According to Alissa Rubin of the New York Times (November 1, 2019), “United States and Iran have weighed in on the protests, signaling that they view calm in Iraq as a priority. But while the United States has sided with the demonstrators, Iran has charged that the unrest has been fomented by Israel and the United States.” Last week, more than 200,000 Iraqis marched in Baghdad, raging against the foreign occupier - Iran. Saad Eskander, a former head of the Iraqi National Archives, stated that “the revolution is not anti-American, it is anti-Iran, it is anti-religion - anti political religion, not religion as such.”
It is reasonable to assume that Iran’s recently announced decision to renew its Uranium enrichment at its Fordow facility, in a flagrant violation of the 2015 Nuclear agreement, is an attempt to draw attention away from the internal economic difficulties it is experiencing. It is now enhanced by the blow to the regime’s prestige as a result of the massive demonstrations in Iraq and Lebanon. There is elevated concern that these recent difficulties the Tehran regime is experiencing might prompt it to initiate military action against Israel.

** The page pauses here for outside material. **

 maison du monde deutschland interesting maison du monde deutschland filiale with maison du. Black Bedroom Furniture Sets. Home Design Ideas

In Tehran, there are fears that the turmoil in Iraq and Lebanon, caused by the demonstrators (and in particular the participation of Shiite co-religionists among them), might spread to Iran itself. The Ayatollahs regime recoils from the prospect of large anti-regime protests similar to what occurred two years ago, and even more so in recalling the 2009 more famous demonstrations. These fears have driven the regime to send Soleimani to Baghdad with orders to suppress the demonstrators.

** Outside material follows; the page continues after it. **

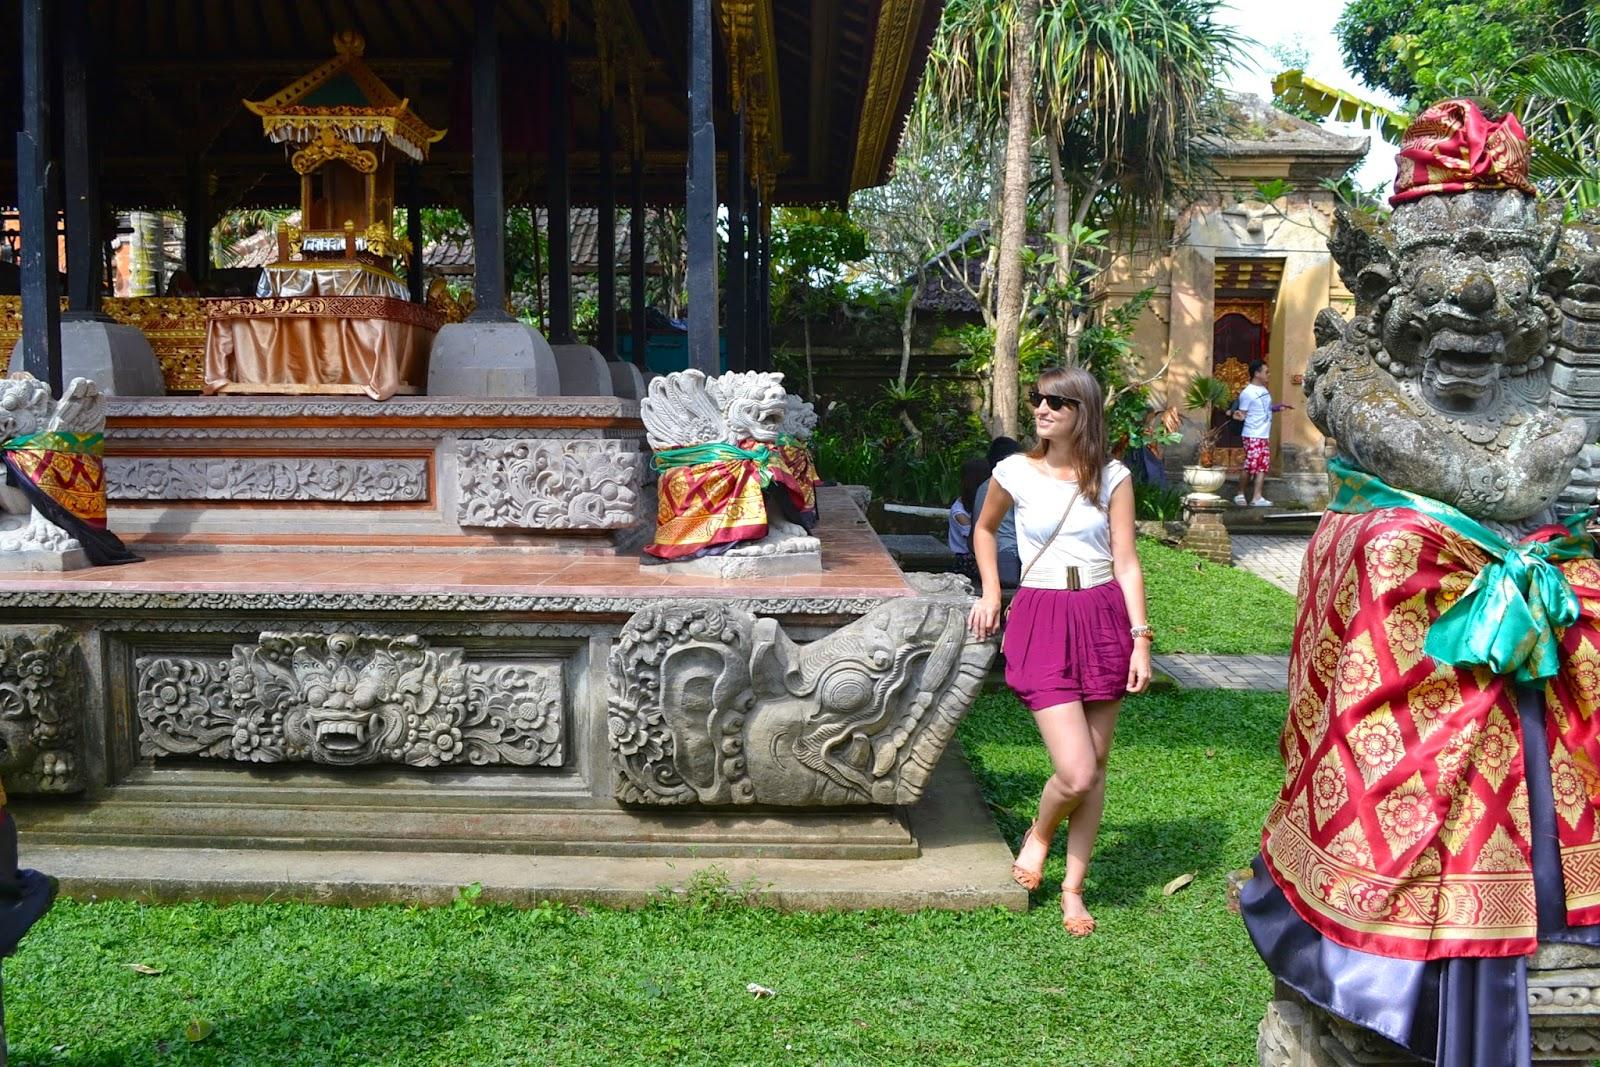 Palacio real de Ubud, Bali, Indonesia

What is occurring in Iraq and Lebanon appears to be a second round of the “Arab Spring,” which in 2011 skipped over the two countries. This time however, the masses are protesting not only their corrupt political elites and their economic mismanagement, they are aiming at changing the system altogether and making it more inclusive and competent. They demand technocrats rather than political hacks. What makes these demonstrations in Iraq and Lebanon remarkable are that the people protesting are crossing confessional/religious lines. To the Iranian regime, these developments pose a serious threat to their hegemonic ambitions, and to their dream of a Shiite Crescent.